Circumstance intervenes even further as Marilee finds herself evicted and jobless, the job part Zach feels a little responsible for, and needs a place to stay.  So happens Zach restores houses and is working on one at the moment, so he allows Marilee and her cat to move in with him and his cat.  At this point these two do everything together.  They shop together, eat together, exercise together, work on the house together... but they aren't together.  Even though everybody thinks they should be together.  But Zach isn't down with commitment and Marilee is too busy.  I get it already.

Until... of course... they actually aren't together.   Now they see what everybody sees, and that is that tall beautiful people completely belong together forever and always.

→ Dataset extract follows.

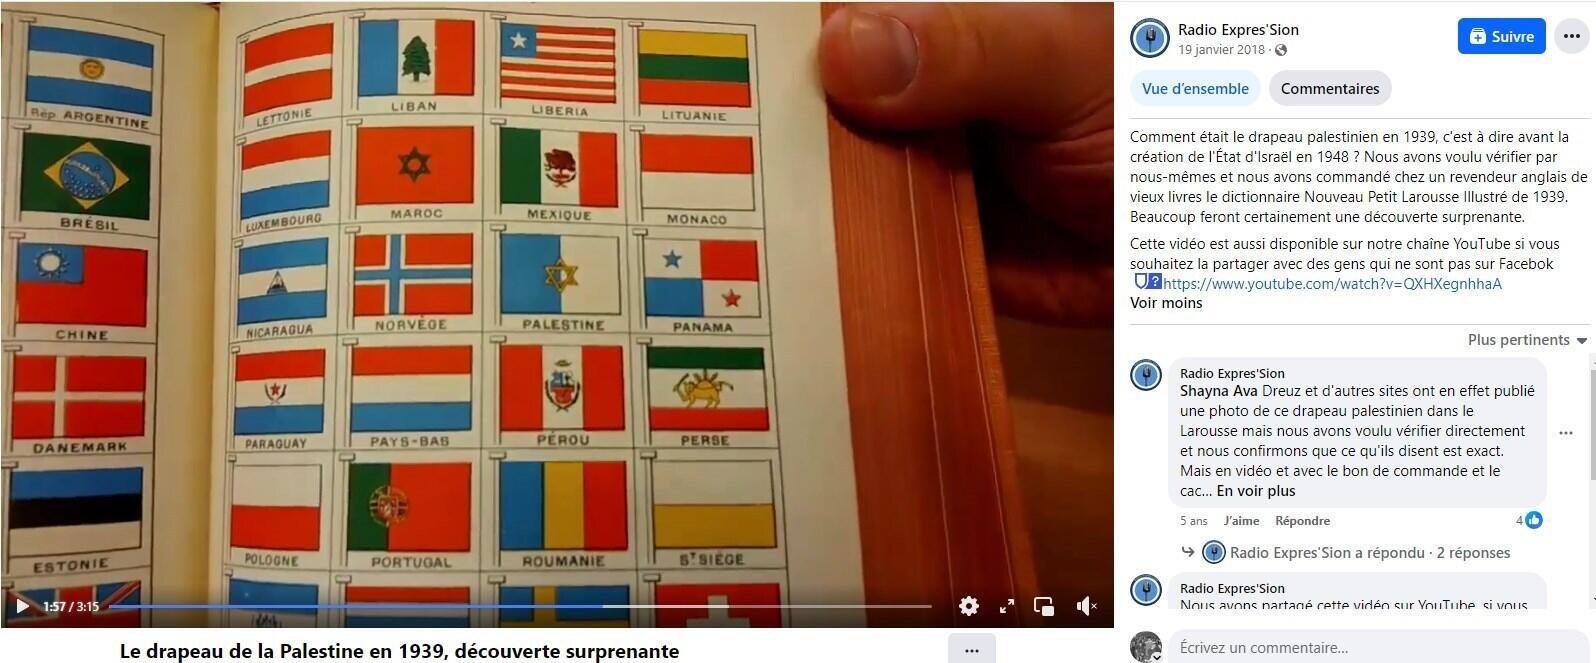 Dies ist ein Screenshot eines Videos, das 2018 von einem pro-israelischen Webradiosender auf Facebook gepostet wurde und die Ausgabe des illustrierten Larousse von 1939 mit einem Bild der blau-weißen Flagge mit dem Davidstern zeigt, die als offizielle Flagge präsentiert wird von Palästina.

What can we say... not a lot of Christmas in this one.  There were decorations in the background in a few scenes, our non-couple did shop for a Christmas Tree,  I saw a Salvation Army Santa and some carolers, but except for the Christmas Tree scene, that other stuff was off in the periphery.  No cute kids to focus on, no wise old people dispensing knowledge unless you want to call Gregory Harrison a wise old person which I'm pretty sure he would balk at, and the musical score was decidedly non-christmassy.  Which reminds me that Marilee did have a discussion with Zach on why 'Christmassy' is a word.

Nope, what we have here is a pretty straight forward romance.  Not even a RomCom.  And I guess as a Romance this works.  For people who like that kind of thing.  Despite the fact that Brandon Routh is severely limited as an actor.  Look, I watch DC's Legends of Tomorrow every week and I love the guy in that, but then it plays to his strength as actor, which is one of detached bewilderment.  But here as the strapping, pick-up driving, home repairing, fireman?  Not really in my man's wheelhouse.  Early on his character had this model girlfriend he had to breakup with, and in the end he's standing on top of a firetruck declaring unending love Marilee... and both scenes were played with same exact tone of detached disinterest.  But hey, he's tall and good-looking, which I'm thinking is the main thing this role required from it's male lead.

Again, not very Christmassy... totally a word... but oddly enough, still made me throw up in my mouth quite a few times during its running time.  Tomorrow we may very well may do that Holiday Classic... A Die-Hard Christmas.  Why not?